When Jane, an aspiring writer, meets filmmaker John Bridges, they both want the same things: …

I’m not sure others would love this book as much as I did, mainly because the husband reminded me so much of my awful ex-husband, and we were together the same length of time as the couple in the novel: 14 years. But I found it to be an incredibly incisively-written portrait of what it’s like to be in a long relationship in which one spouse is always carrying the heavier load. It will be too much of a downer for a lot of people, but it’s also not very long.

finished reading Orbital by Samantha Harvey

Samantha Harvey: Orbital (EBook, Grove Atlantic)

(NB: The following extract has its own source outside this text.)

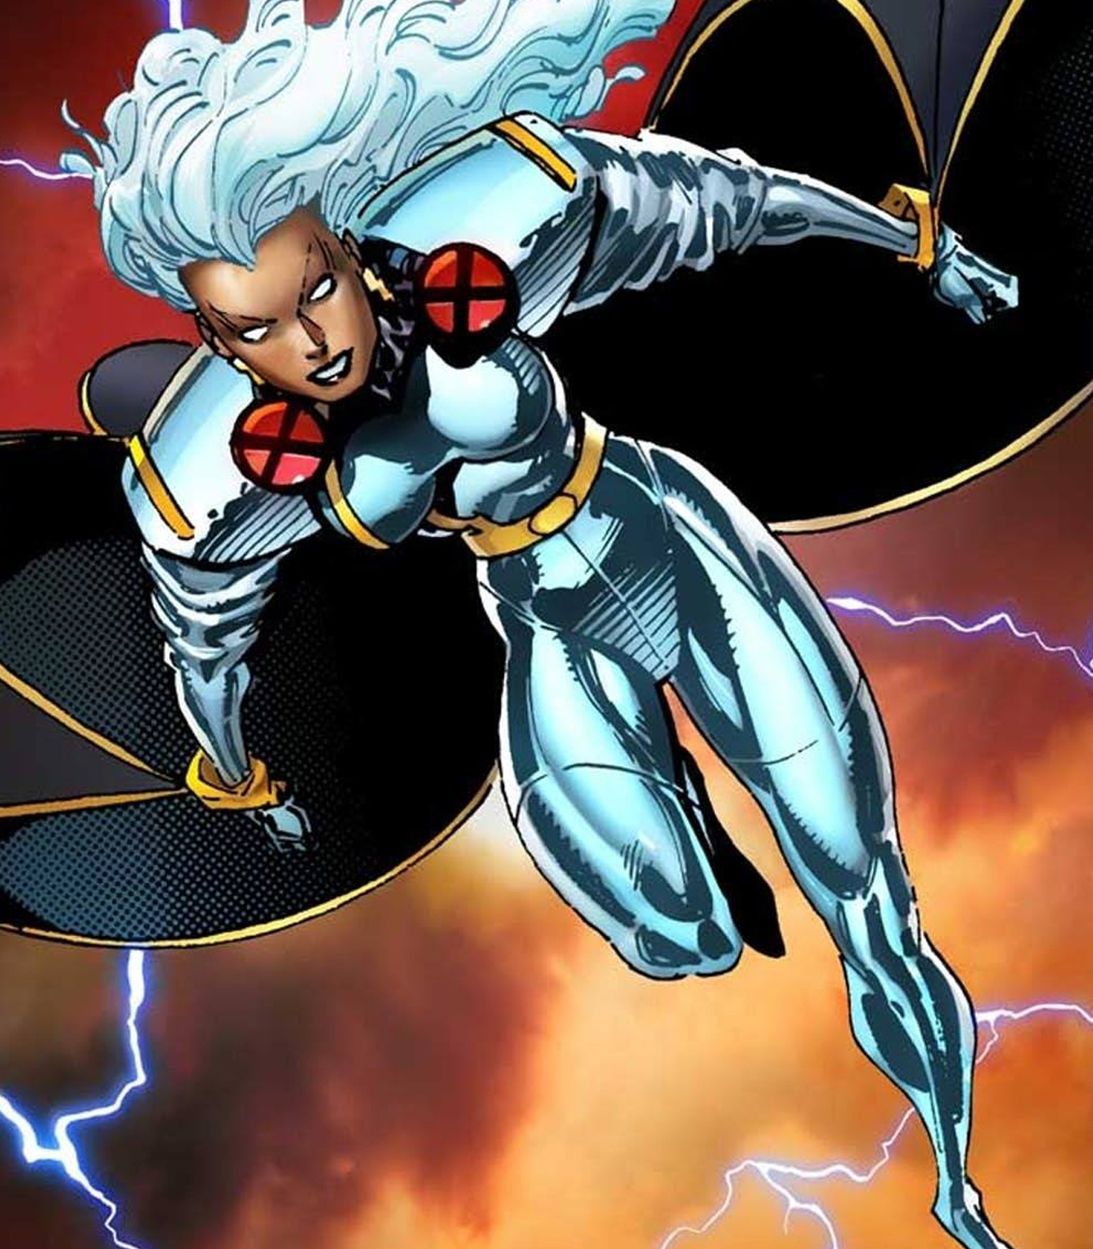 Storm in X-Men by Jim Lee

A singular new novel from Betty Trask Prize–winner Samantha Harvey, Orbital is an eloquent meditation …

This was not really a novel, it’s a character study of a group of astronauts living on the ISS, and the thoughts they have while in space. It’s a nice philosophical journey, and doesn’t overstay its welcome.

Kate Conger, Ryan Mac: Character Limit (2024, Penguin Publishing Group)

Rising star New York Times technology reporters, Kate Conger and Ryan Mac, tell for the …

I’m glad someone wrote this book for history’s sake, but as someone who followed the decline and fall of Twitter (and Musk’s role in it) pretty closely, I didn’t get a lot of new information from it. Nevertheless, it’s well-written and entertaining.

finished reading Brooklyn by Colm Tóibín

Colm Tóibín: Brooklyn (2009, Viking)

In a small town in the south-east of Ireland in the 1950s, Eilis Lacey is …

I was surprised at how basic and predictable this book was. It reads like a YA novel — I would compare it to something like “Anne of Green Gables.” It’s short, but so boring that I had to struggle to finish. Not recommended.

finished reading Intermezzo by Sally Rooney

Sally Rooney: Intermezzo (Hardcover, english language, 2024, Farrar, Straus & Giroux)

Aside from the fact that they are brothers, Peter and Ivan Koubek seem to have …

I appreciate that Sally Rooney is a cult favorite, but this is my third book of hers, and I think I just don’t like her style. I understand what she’s trying to do — documenting very naturalistic dialogue and interactions in meticulous detail, from multiple perspectives — and I think she’s good at it. But the pacing, as these details are thoroughly recounted, is too slow to hold my attention, and the “surprise” resolution of the plot just isn’t that big of a deal (these days the concept of a “throuple” is so common that it’s become a cliché). So even though this is the book I liked the most out of the three I’ve read, I wouldn’t recommend it.